Clarice Sayle

This isn’t a poem; its not even the beginning

There comes a time when the choices we make have lasting consequences. I remember before that time, like when my best friend and I stayed home from elementary school, drank beer in the shower, and lit a bunch of shit on fire in the backyard. We got caught, of course. We got in trouble. But nothing burned down and no one got hurt, and now it’s just another funny story. If you ever meet my dad, ask him about blue eggs.
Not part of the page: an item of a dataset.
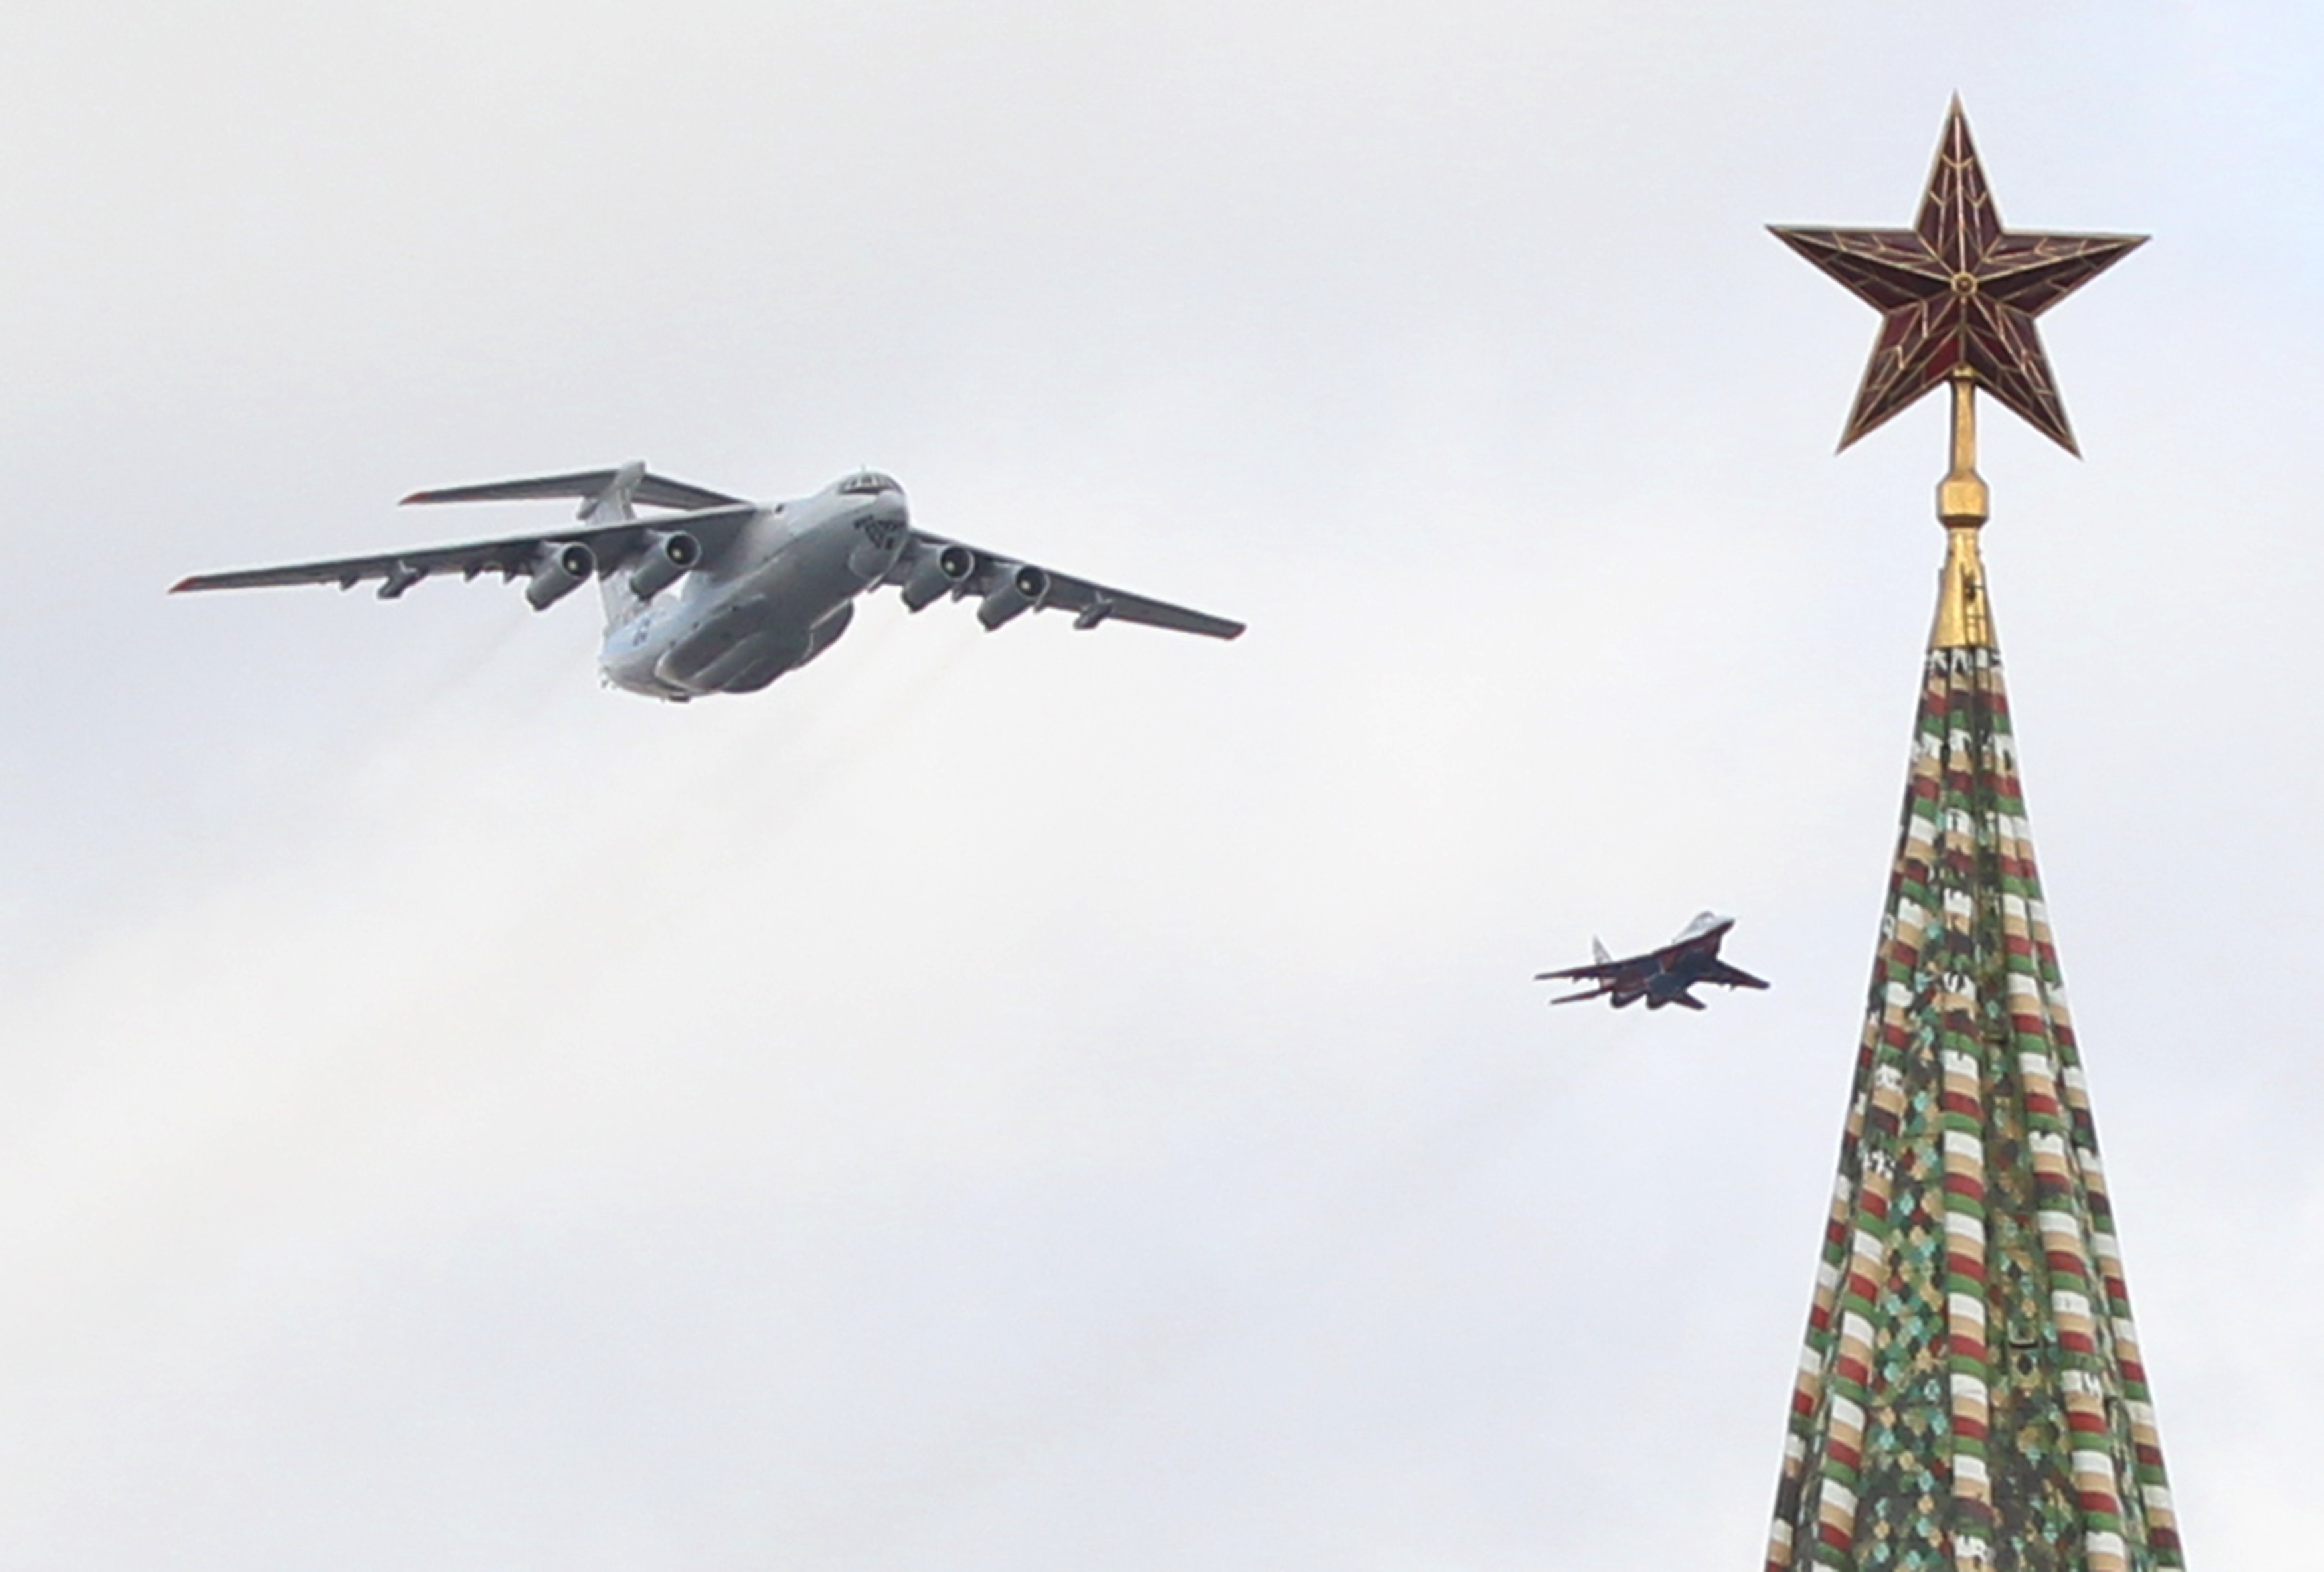 Russia Plans to Send Message by Flying Nuclear ‘Doomsday’ Plane at Parade – Newsweek

I remember when I started dating Josh. Our first date was Cinco de Mayo, so many years ago. We met at a bar where I didn’t drink and he got hammered, and I took him back to the house where I was dog sitting. I let him sleep it off on the couch while I took a shower, and when I came back out photos had been ripped from the walls and smashed, cabinet doors had been pulled off their hinges, and a computer monitor was completely broken. I looked at him in shock, and asked “What did you do?”
“The dog wouldn’t play with me” he said, as if that justified everything.
I paid for it all and those dog owners never called me back.
I wonder what my life would look like if I made the choice to walk away and never see him again. But I didn’t.

In the year and half we dated, he was arrested three times for being violent with me. I know I’m messed up because I read that last sentence back and think “that’s not so bad.” I loved him for validating my terrible thoughts about myself. I felt like he saw me.
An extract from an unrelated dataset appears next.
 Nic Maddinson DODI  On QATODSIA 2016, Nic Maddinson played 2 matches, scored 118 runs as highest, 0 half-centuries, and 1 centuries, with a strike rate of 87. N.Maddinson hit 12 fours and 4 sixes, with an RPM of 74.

I wonder what would have happened had I not spent eighteen months with someone who routinely called me a stupid, worthless whore. Who showed his affection and remorse by stealing gummy worms from the Walgreens down the street and presenting them to me like I could suck all the sour out of our relationship, too.

It breaks my heart a little bit to think about the person I might be if I started caring just a little bit earlier, maybe after the blue eggs, before my choices had any real lasting consequences and the smoke from the fires I started just blew away.